A "direct skip" currently is defined in §§ 2612(c) and 2613 of the Internal Revenue Code. Section 2603(b) of the Internal Revenue Code states that, unless directed otherwise in the governing instrument, the tax on a generation-skipping transfer is charged to the property constituting the transfer. Section 2603(a)(3) of the Internal Revenue Code imposes the duty of paying the tax on a direct skip on the transferor of the property. Under subsection (1)(b), the decedent's personal representative will pay the generation-skipping tax on a direct skip out of the transferred property (or the proceeds from a sale of all or some of that property). To the extent that it is not feasible or practical to pay the tax from the transferred property, the transferees are to pay their proportionate share of the shortfall. Subsection (1)(b) is consistent with the treatment provided by federal law.
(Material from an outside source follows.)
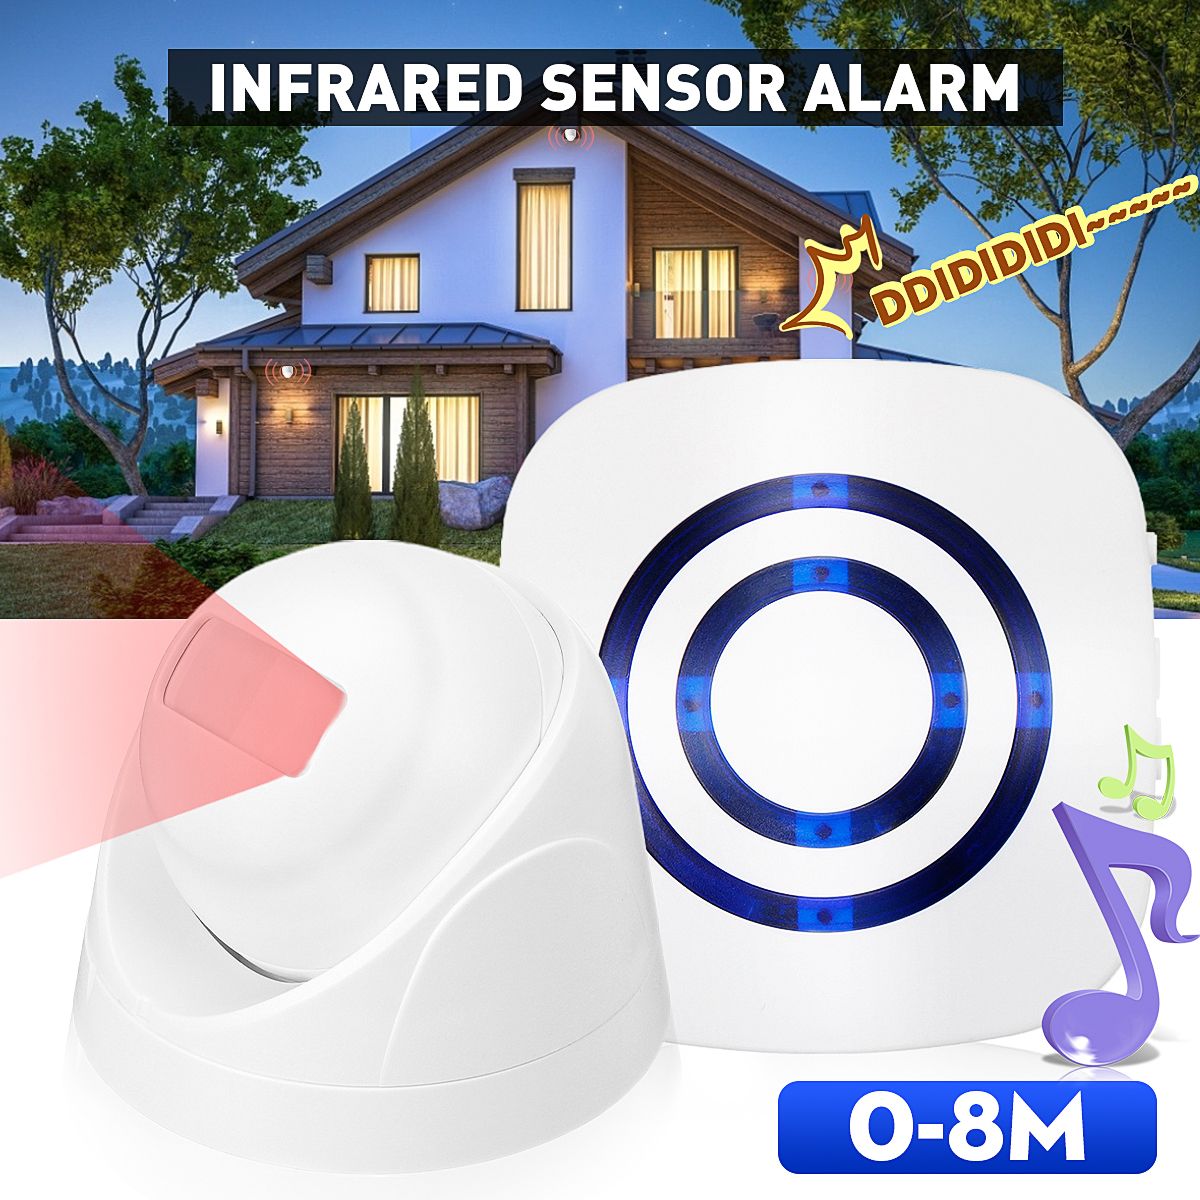 Wireless-Infrared-Motion-Sensor-Door-Security-Bell-Alarm-Chime-Entrance-Alert-Doorbell-1723766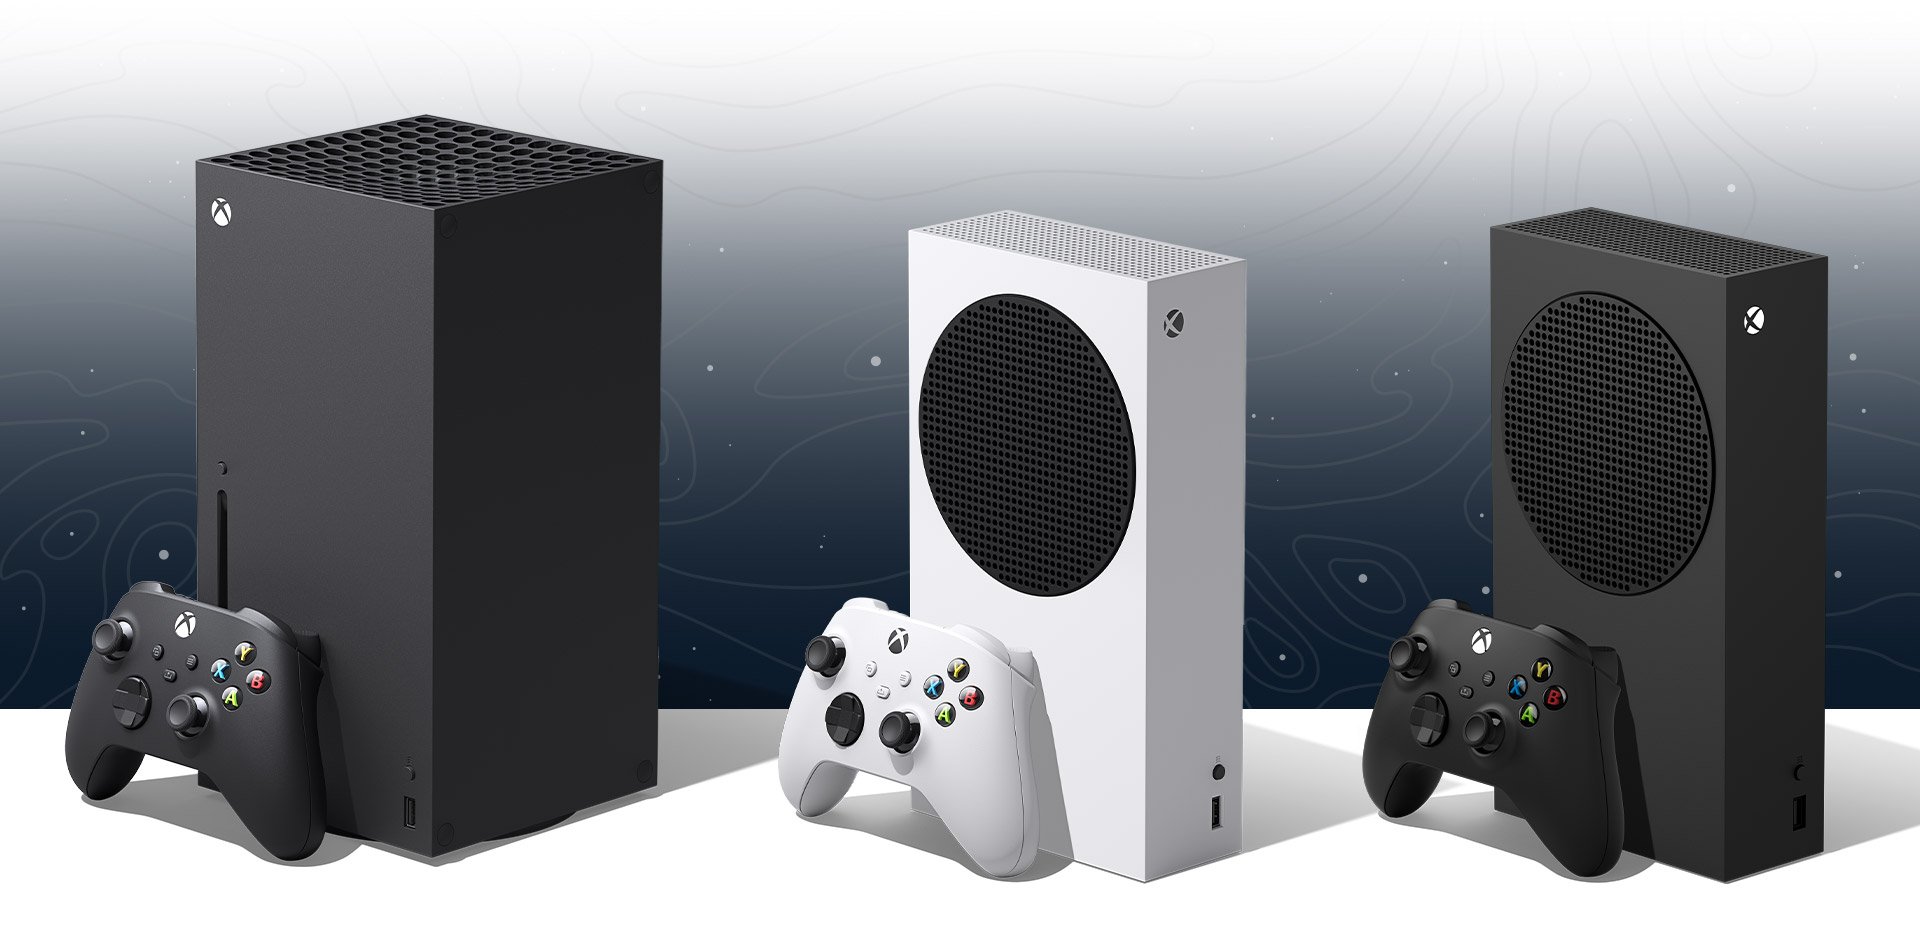 Według doniesień niektórzy wydawcy kwestionują wsparcie Xbox w związku z „płaską” sprzedażą.

The property to which subsection (1)(c) applies is sometimes referred to as "QTIP property" since § 2044 of the Internal Revenue Code of 1986 deals with "qualified terminable interest property." See §§ 2044(b)(1), 2056(b)(7), and 2523(f) of the Internal Revenue Code of 1986. Although the general rule of apportionment in the Act is to apportion estate taxes on the basis of the average rate of tax, the tax apportioned to the holders of interests in QTIP property by the Act is based on the marginal rate of tax. Note that federal estate tax law grants the decedent's fiduciary the power to collect from the holders of the QTIP property the estate tax generated by that property at the marginal estate tax rate of the decedent's estate. The Act tracks the federal law in this respect.
It would be harsh to collect the estate tax from persons holding discretionary or contingent interests in property since they may not obtain possession for many years, if at all. Hence, when the tax is apportioned to persons holding interests in property in which there are time-limited interests, subsection (1)(d) requires the tax to be paid from principal. This provision does not apply to property for which a special elective benefit (as described in section 15-12-1407) has been elected.
An estate tax that is apportioned to an interest in property that cannot be reached because of legal or practical obstacles but is not subject to a time-limited interest is to be collected from the interest holder to the extent feasible. In that circumstance, since there is no time-limited interest, the tax will not be apportioned to a person who may not receive property for many years if at all.
When some of the interests in property qualify for a charitable or marital deduction and some do not, requiring the tax to be paid from the principal of the property may reduce the amount of marital or charitable deduction that is allowable. Although the likely intent of a decedent would be to maximize the marital and charitable deductions available for the estate, subsection (1)(d) provides that the estate tax is to be paid from the principal of the property, a choice that avoids administrative complexity.